IBM Tivoli Provisioning Manager Express for Software Distribution 4.1.1 ActiveX control (Isig.isigCtl.1) is vulnerable to a stack-based buffer overflow, caused by improper bounds checking by the RunAndUploadFile() method. By persuading a victim to visit a specially-crafted Web page, a remote attacker could overflow a buffer and execute arbitrary code on the system or cause the victim's browser to crash.

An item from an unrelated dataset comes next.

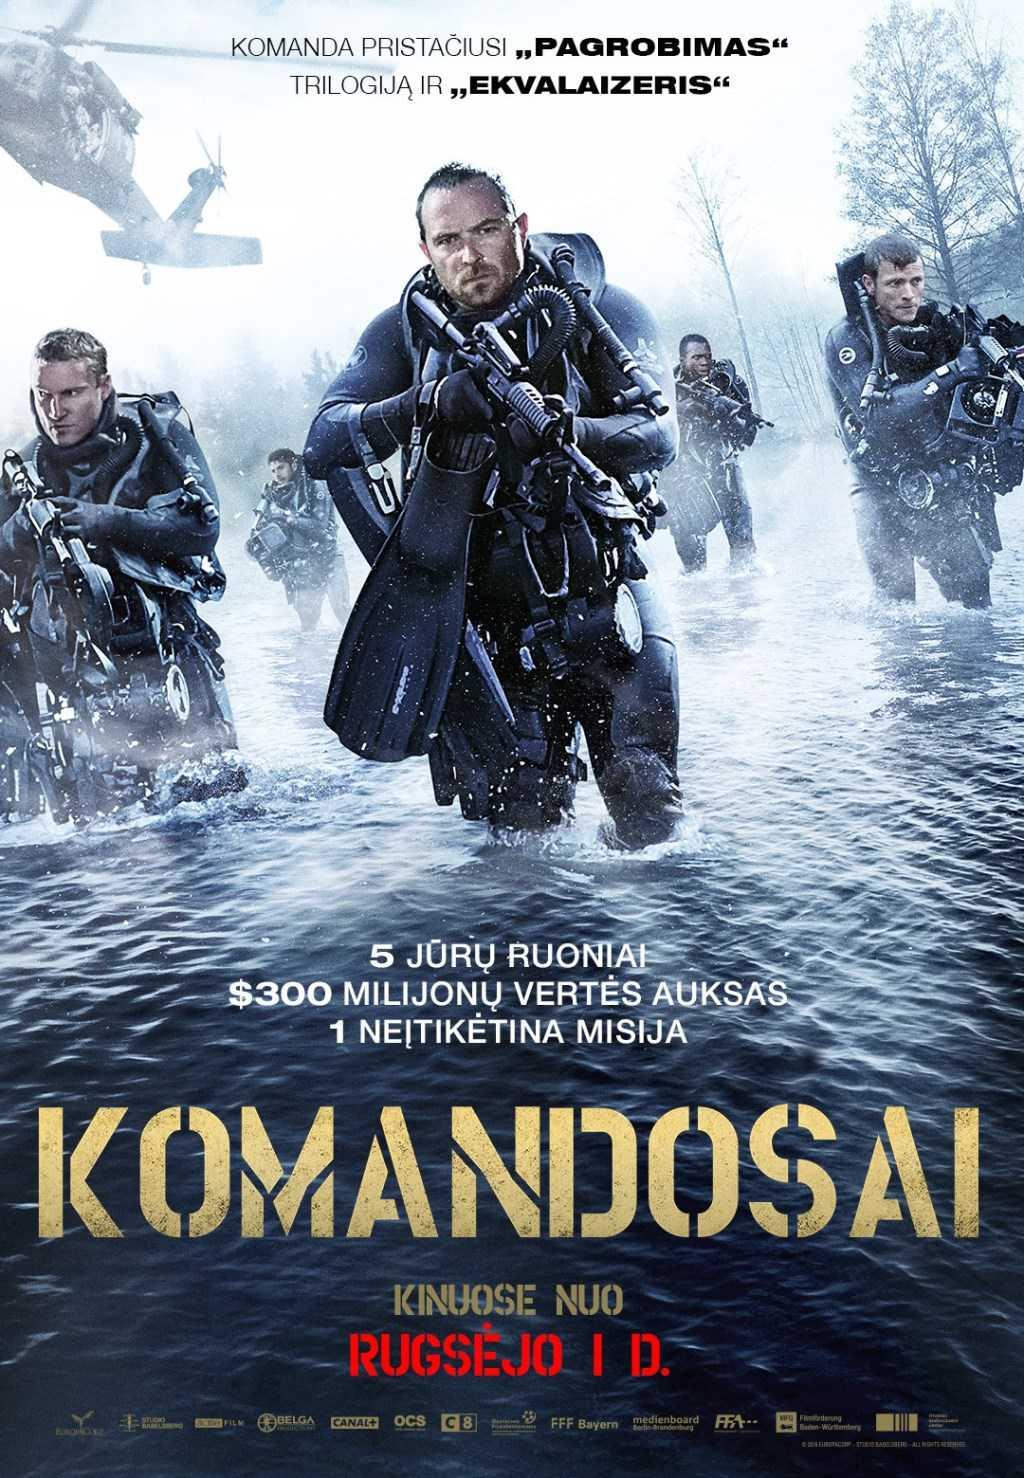 Komandosai (Renegades)

It's also vulnerable to SQL injection. A remote attacker could send specially-crafted SQL statements to the GetAttachmentServlet, logon.do, register.do, addAsset.do, SoapServlet, or CallHomeExec servlets or via a specially-crafted EG2 file using various parameters, which could allow the attacker to view, add, modify or delete information in the back-end database.
There is no replacement for IBM Tivoli Provisioning Manager Express for Inventory (5724-N88) and IBM Tivoli Provisioning Manager Express for Software (5724-N89) Distribution. However a follow-on product, IBM Tivoli Endpoint Manager for Lifecycle Management v8.1 (5725-C43), is available.

Several vulnerabilities were discovered in Movable Type, a blogging system. Exploiting them might lead to command injection, Cross-Site Request Forgery (CSRF) or Cross-Site Scripting (XSS) attacks. It's recommended to install updated packages which are available now.

A buffer overflow vulnerability in the handling of WorkStation files (.ws) by IBM Personal Communications could allow a remote attacker to cause a Denial-of-Service (application crash) or potentially execute arbitrary code on vulnerable installations of IBM Personal Communications. A fix is available now.

JBoss Enterprise Portal Platform is the open source implementation of the Java EE suite of services and Portal services running atop JBoss Enterprise Application Platform. It was found that JBoss Web doesn't handle large numbers of parameters and large parameter values efficiently. A remote attacker could make JBoss Web use an excessive amount of CPU time by sending an HTTP request containing a large number of parameters or large parameter values. This Denial-of-Service (DoS) can be avoided by installing an update for JBoss Enterprise Portal Platform 4.3 CP07.